You think you've lost it all? That's so dramatic.

Well, I've been sued. And lost all my money. And then got it back. And I've lost love. I got married and then got divorced. That doesn't mean I can't have fun. I just want to be me. If I were in a room full of people, I'd rather be the person who is more interesting than the one who is wallpaper.

What is the message you stand for? Your place in the world?

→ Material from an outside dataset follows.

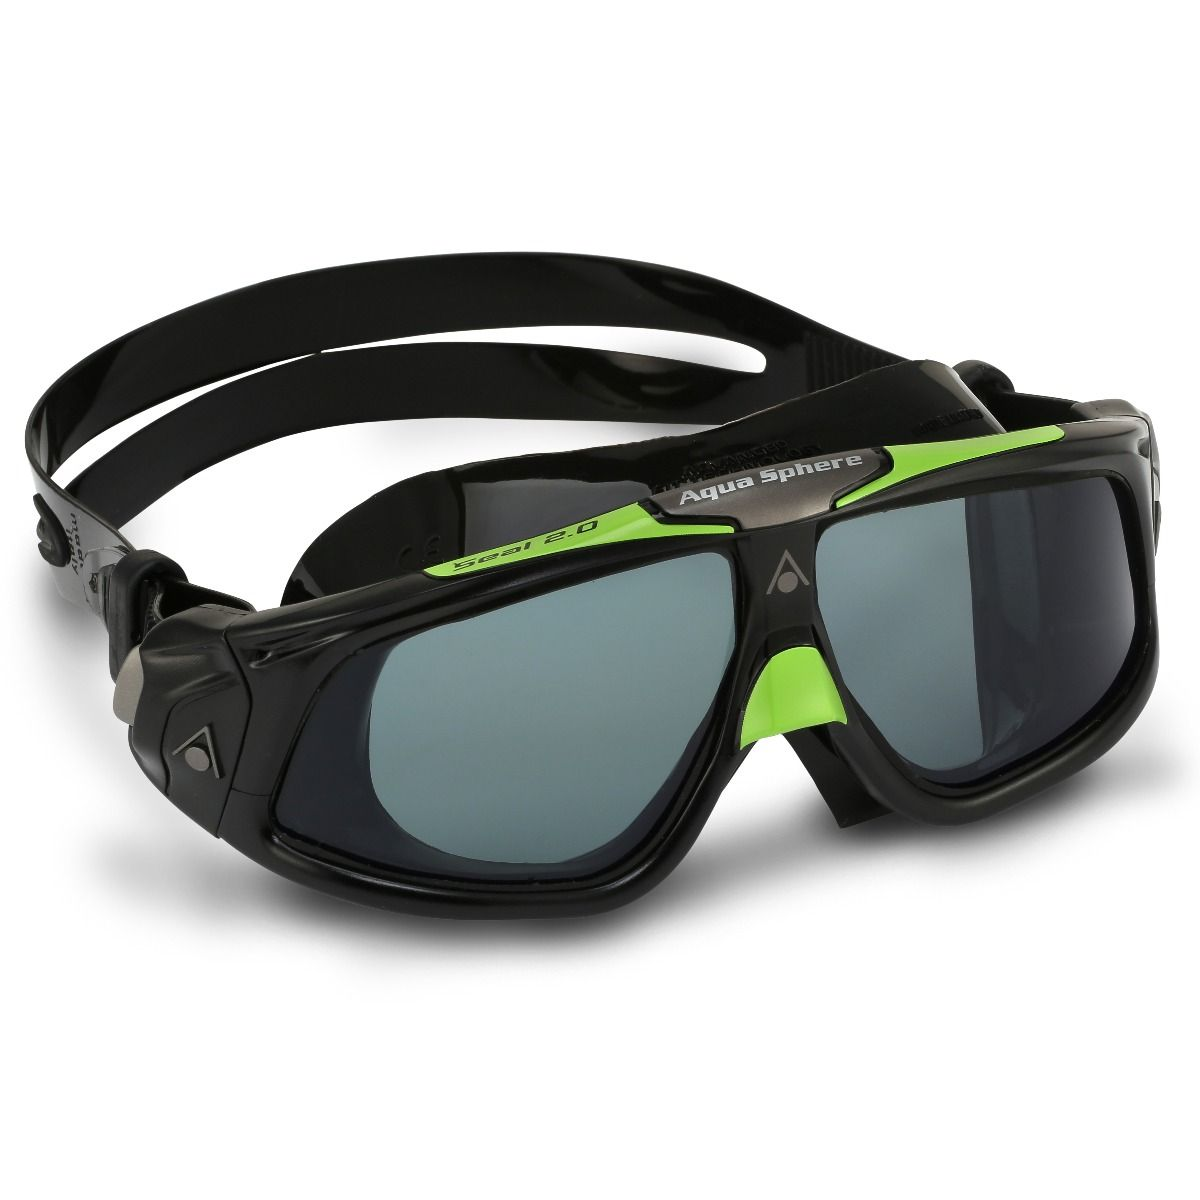 0f17c8475f9 Aqua sphere seal tinted lens swimming goggles swimspace jpg 1200x1200 Aqua  swimming goggles

When you asked what I've been doing for the past year — besides making this record, I was living alone for the first time since I've moved out of my parents' home as a teenager. During the course of writing this record, I did that. That transformation made me understand the importance of change — that I want to be a better person, a better version of me. That's not talking about ethics or morality. I just want to be the best me there is and not be ashamed of what I am.

Did you vote in the presidential election?

I did. And I'm very proud to say I did for the first time in my life.

And for whom, might I ask?

I voted for the President. Of course.

What do you make of the current economic situation? If at all, how do you see your image reflected in the crisis?

I address it directly on my album. And I've always done, in my live show, a fascist parody commentary on rock 'n' roll — all the symbolism between capitalism and Nazism being so similar. I'm not a role model. I'm a role villain. And role villains need to fuck shit up. And they have to take some bullets in the back and take some blame. That's the choice that I made a long time ago.

I don't want to provoke any more self-loathing, but what do you most dislike about yourself?

I often obsess so much about things that I can't get done, that I ruin other things. I think at some point, some sort of scientist sent me out to space in a time machine and created some spectacular device to put inside my head and I just don't have the manual.

Will there ever be a Marilyn Manson Jr.?

I think I'm still Marilyn Manson Jr. Someday when I manage to finally figure out how to take care of myself, then I'll consider taking care of someone else.

What's your favorite item in your makeup bag?

Black eyeliner. It's standard. It's all you need. It just makes the world a better place.